= Data block =

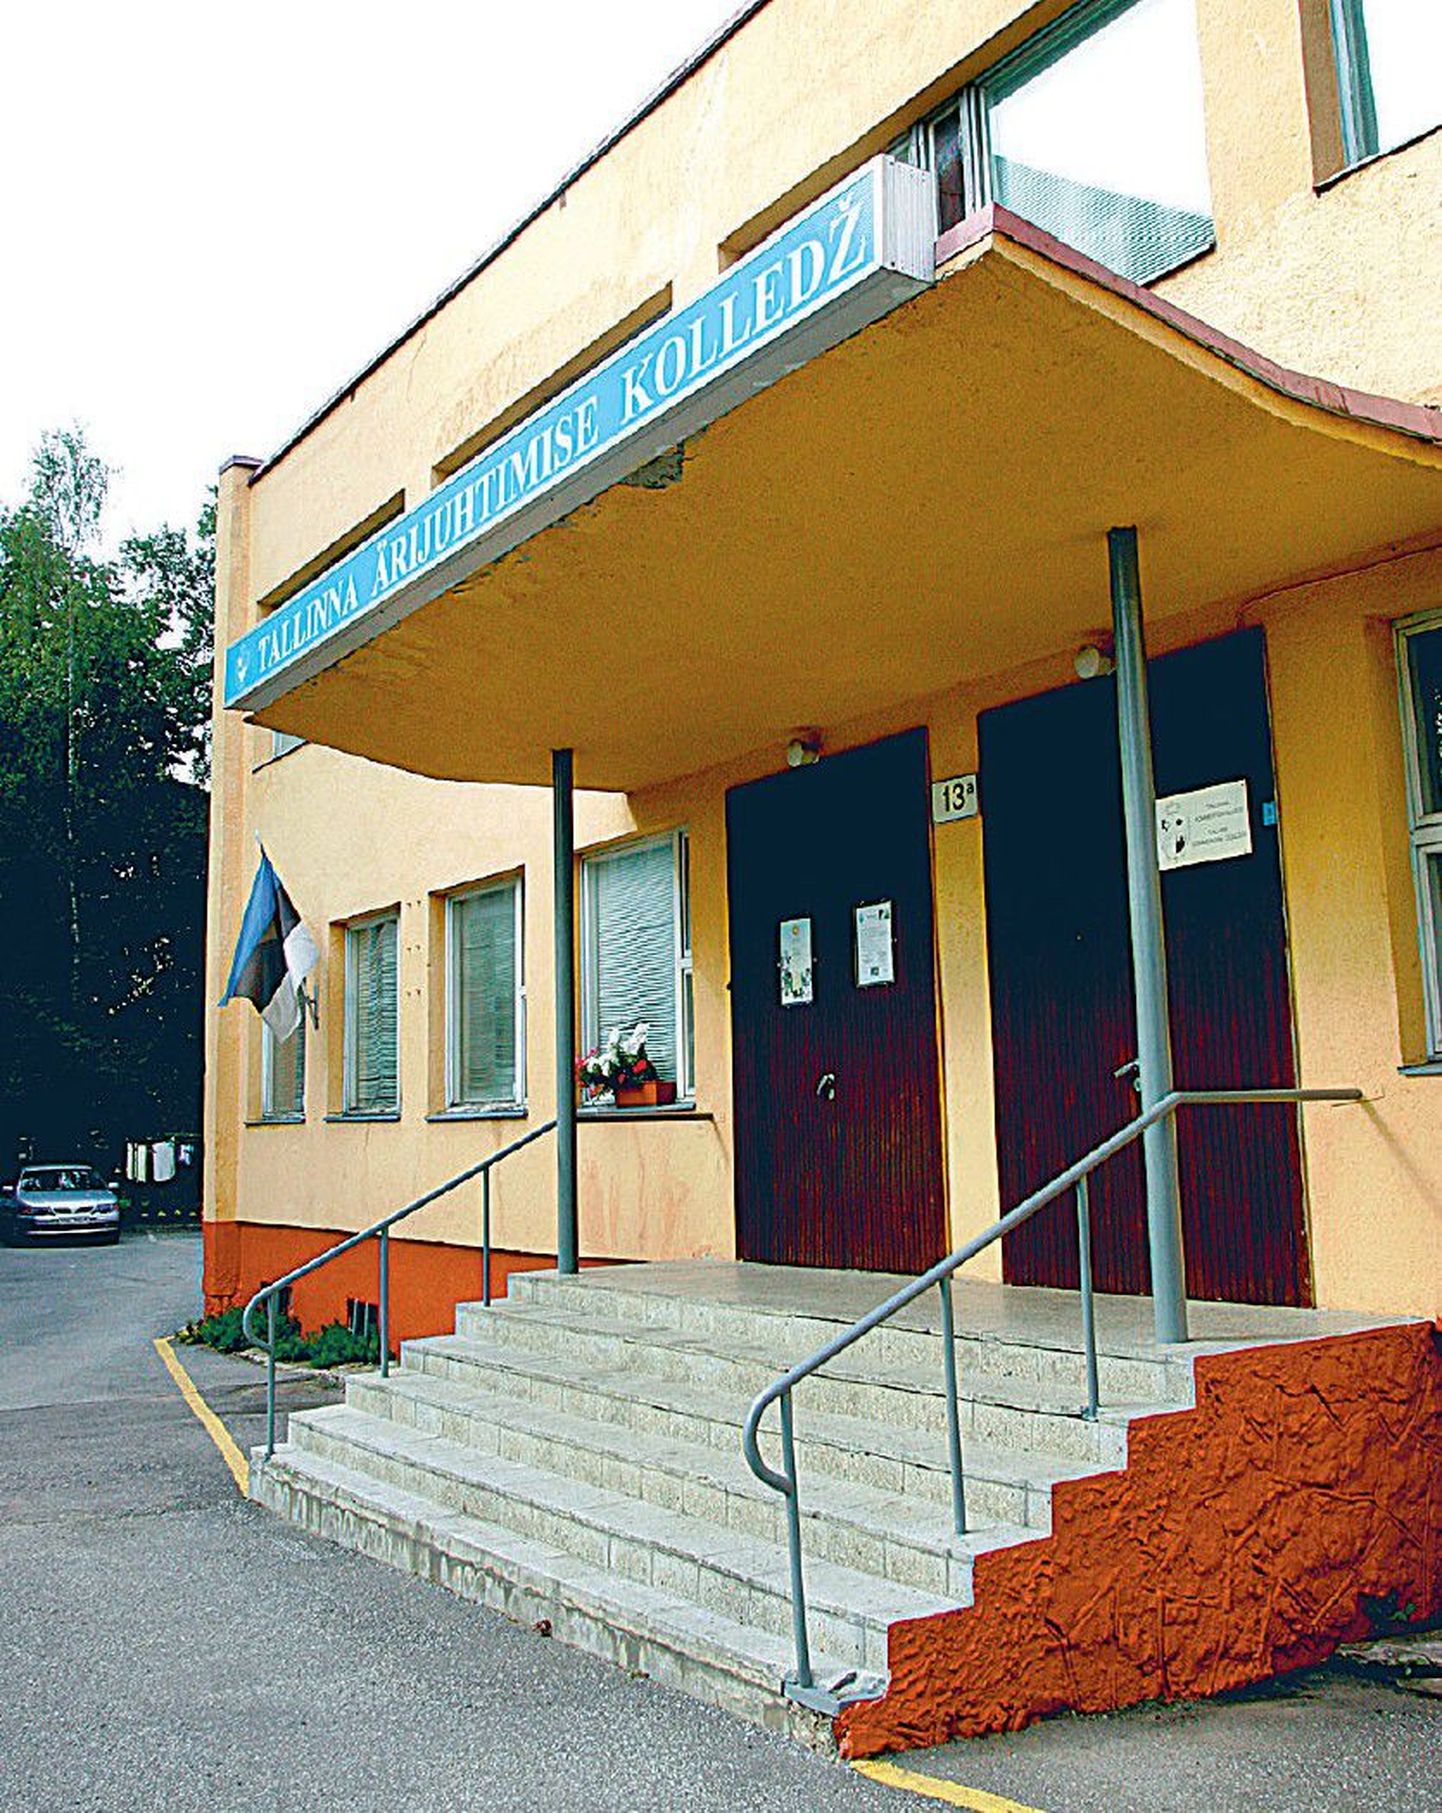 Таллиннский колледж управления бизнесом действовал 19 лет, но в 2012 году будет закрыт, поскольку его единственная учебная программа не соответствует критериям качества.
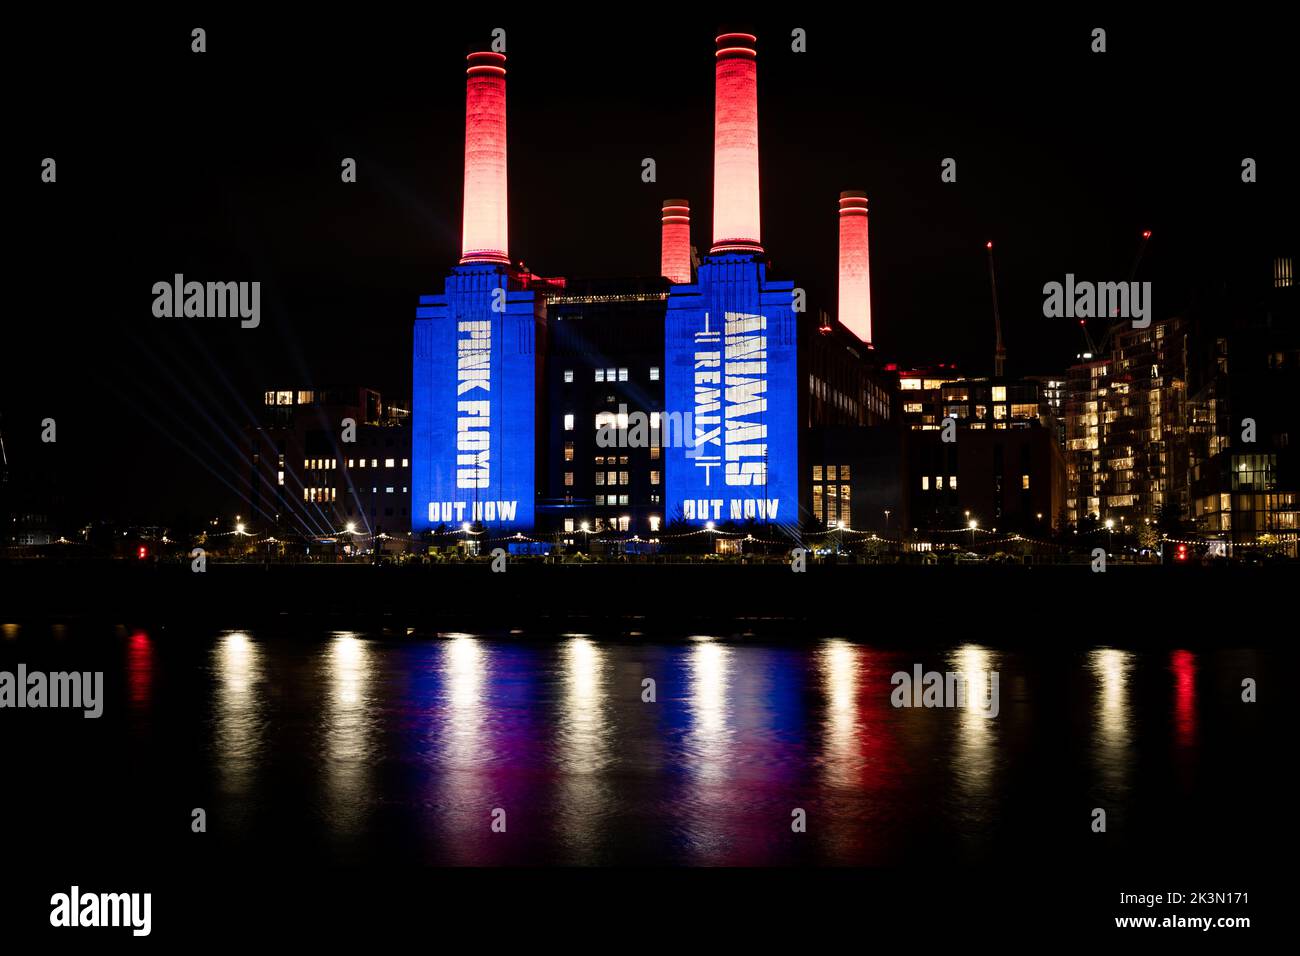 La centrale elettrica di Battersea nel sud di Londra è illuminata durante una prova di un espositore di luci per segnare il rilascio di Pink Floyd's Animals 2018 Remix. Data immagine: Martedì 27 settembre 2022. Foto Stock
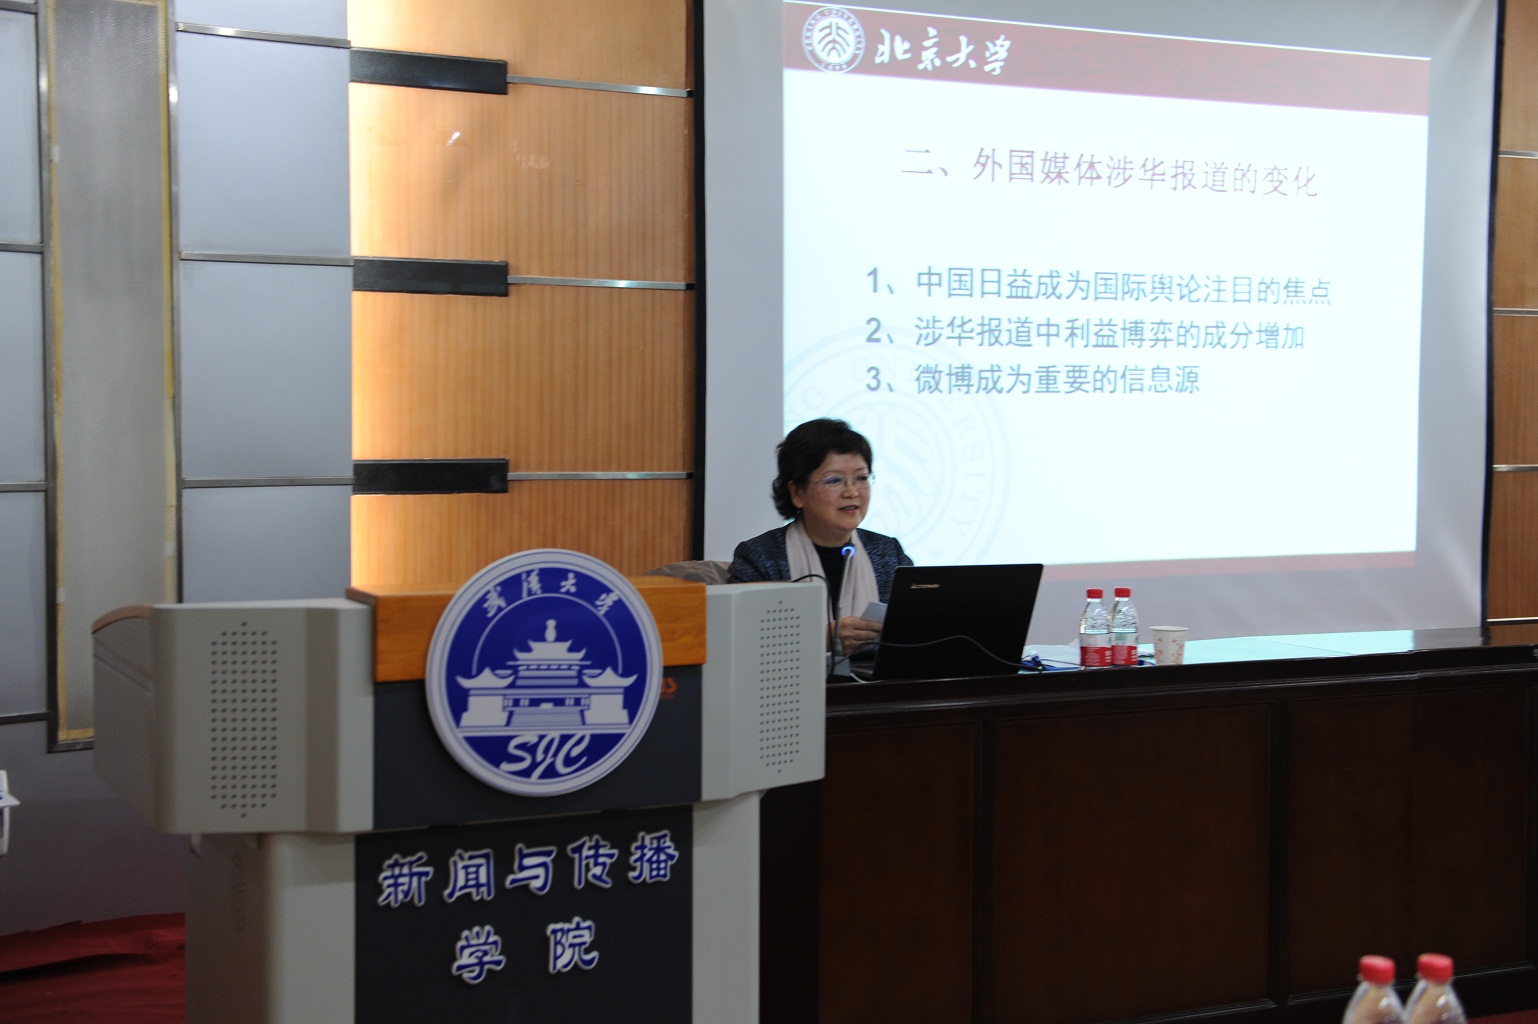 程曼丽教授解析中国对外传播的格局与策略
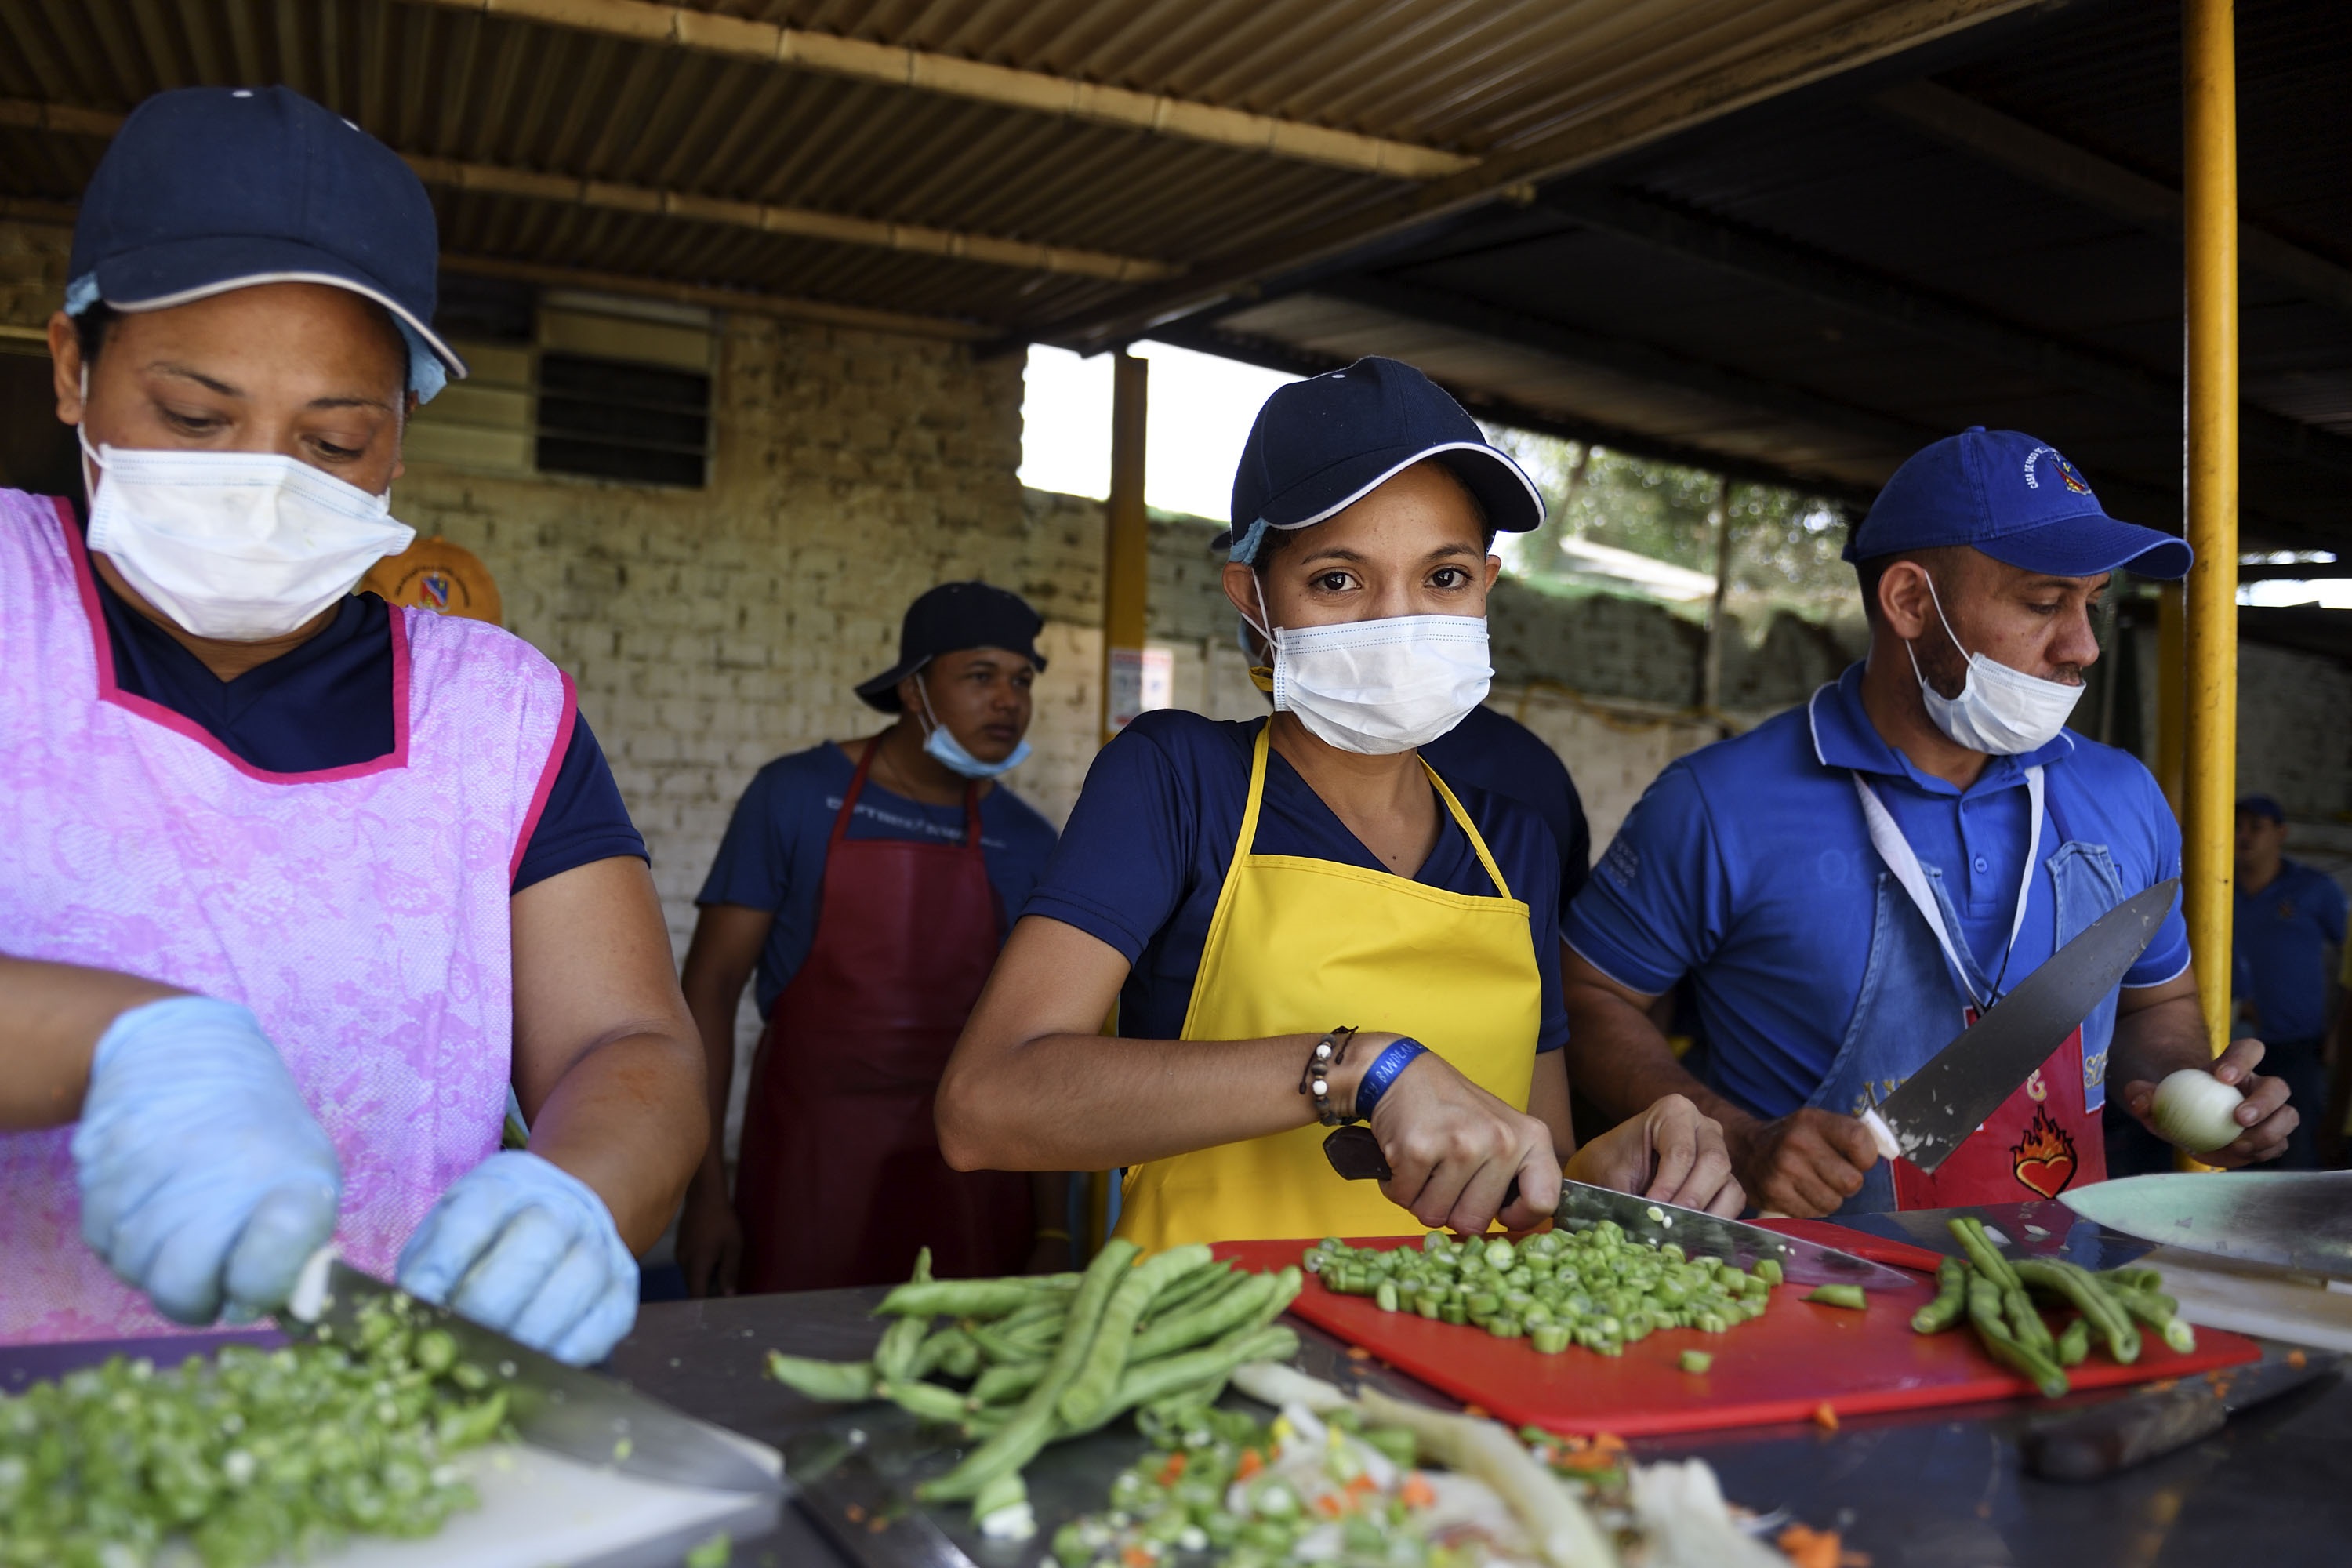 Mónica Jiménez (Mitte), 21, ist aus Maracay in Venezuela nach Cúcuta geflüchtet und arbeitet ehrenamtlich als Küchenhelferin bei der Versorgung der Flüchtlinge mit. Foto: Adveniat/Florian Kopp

= Task instructions =
Word for word, restate each line above, minus its pictures.

= Reply =
 Таллиннский колледж управления бизнесом действовал 19 лет, но в 2012 году будет закрыт, поскольку его единственная учебная программа не соответствует критериям качества.
 La centrale elettrica di Battersea nel sud di Londra è illuminata durante una prova di un espositore di luci per segnare il rilascio di Pink Floyd's Animals 2018 Remix. Data immagine: Martedì 27 settembre 2022. Foto Stock
 程曼丽教授解析中国对外传播的格局与策略
 Mónica Jiménez (Mitte), 21, ist aus Maracay in Venezuela nach Cúcuta geflüchtet und arbeitet ehrenamtlich als Küchenhelferin bei der Versorgung der Flüchtlinge mit. Foto: Adveniat/Florian Kopp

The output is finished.